GRID Standards: PA Sets the Rules of the Game
In his Feb. 3 budget address, Governor Josh Shapiro proposed the Governor’s Responsible Infrastructure Development (GRID) standards — a framework intended to bring clarity and consistency to how AI data centers are permitted and built in Pennsylvania. We attended the address in Harrisburg & his framework drew applause from both sides of the aisle.
The backdrop
Consider that the Interstate Highway System took decades and roughly $15 billion per year (inflation-adjusted) to build. Today, AI infrastructure investment is exceeding $250 billion annually. This is the fastest capital deployment in modern history — and Pennsylvania has the assets to compete and win in this race for more jobs, tax revenue and flywheel investment.

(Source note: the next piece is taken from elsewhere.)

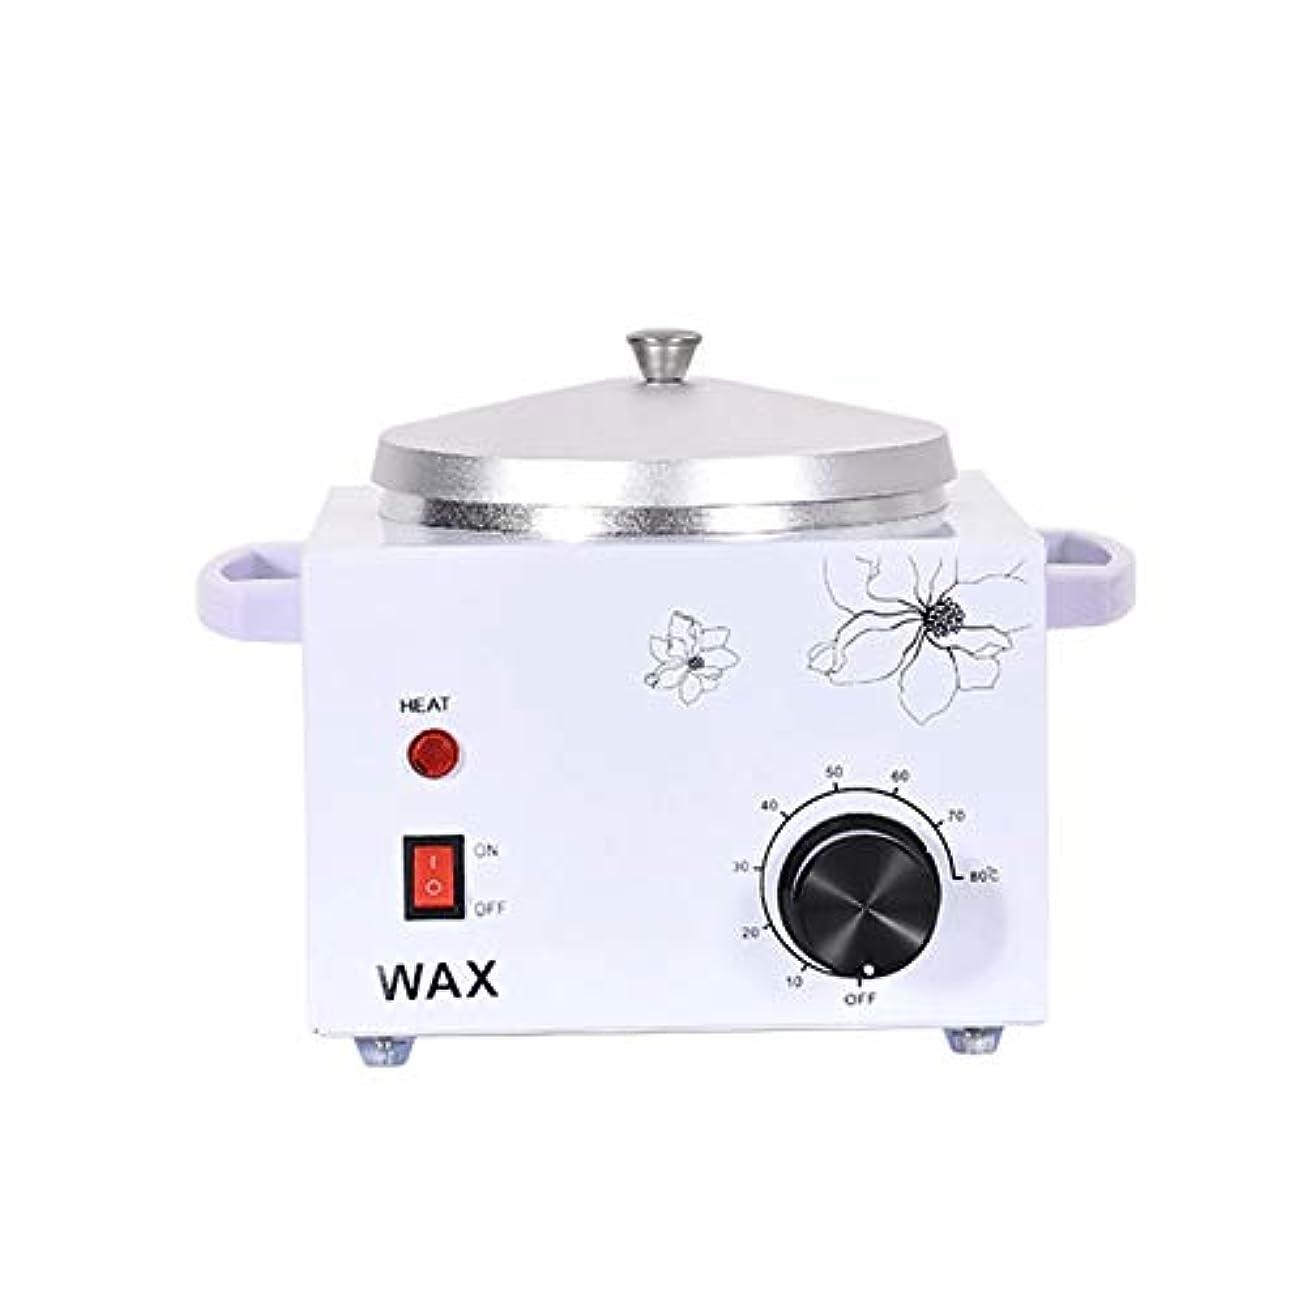 力強いキウイ同一のプロフェッショナル電気ワックスウォーマーヒーター美容室ワックスポット多機能シングル口の炉内温度制御脱毛脱毛ワックスビーンヒーター600ccの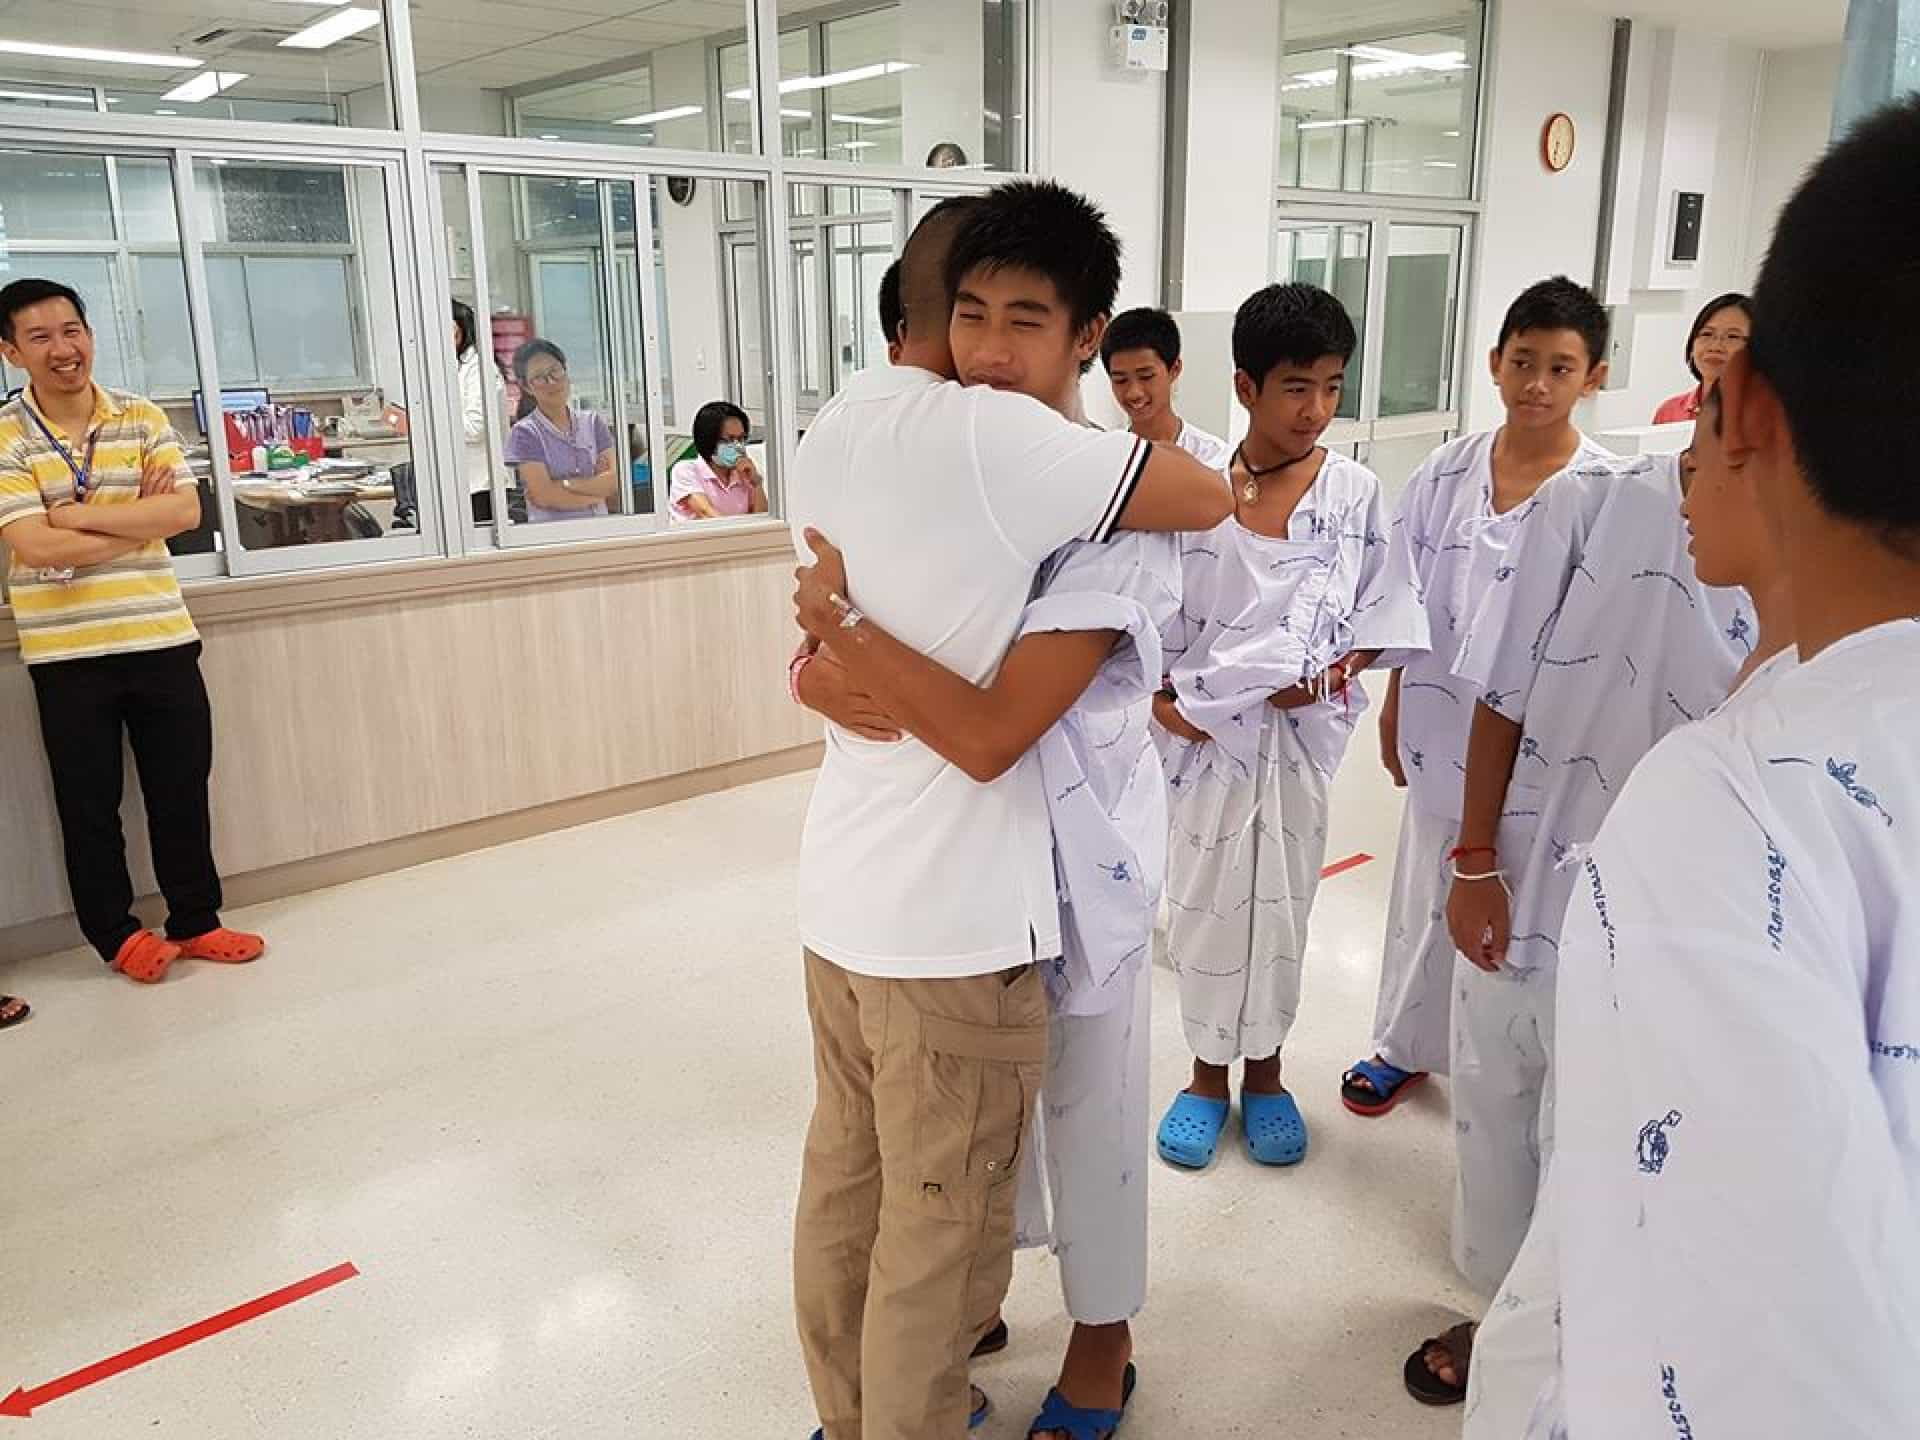 Rapazes recebem visita de médico tailandês que ficou com eles na gruta

However, public understanding of how these facilities operate has not kept pace.
My 72-year-old aunt ( ignorant to social media algorithms) thinks that data centers are “starving communities of water.”
Actually, modern closed-loop AI data centers use less water than many traditional industrial uses. Large pharmaceutical manufacturing facilities, for example, can consume up to 2 million gallons per day. A 100-MW modern data center uses use a fraction of that amount — and in most cases its water usage is comparable to a residential subdivision. And it’s worth noting: two Pennsylvania counties are among the most water-rich in the country.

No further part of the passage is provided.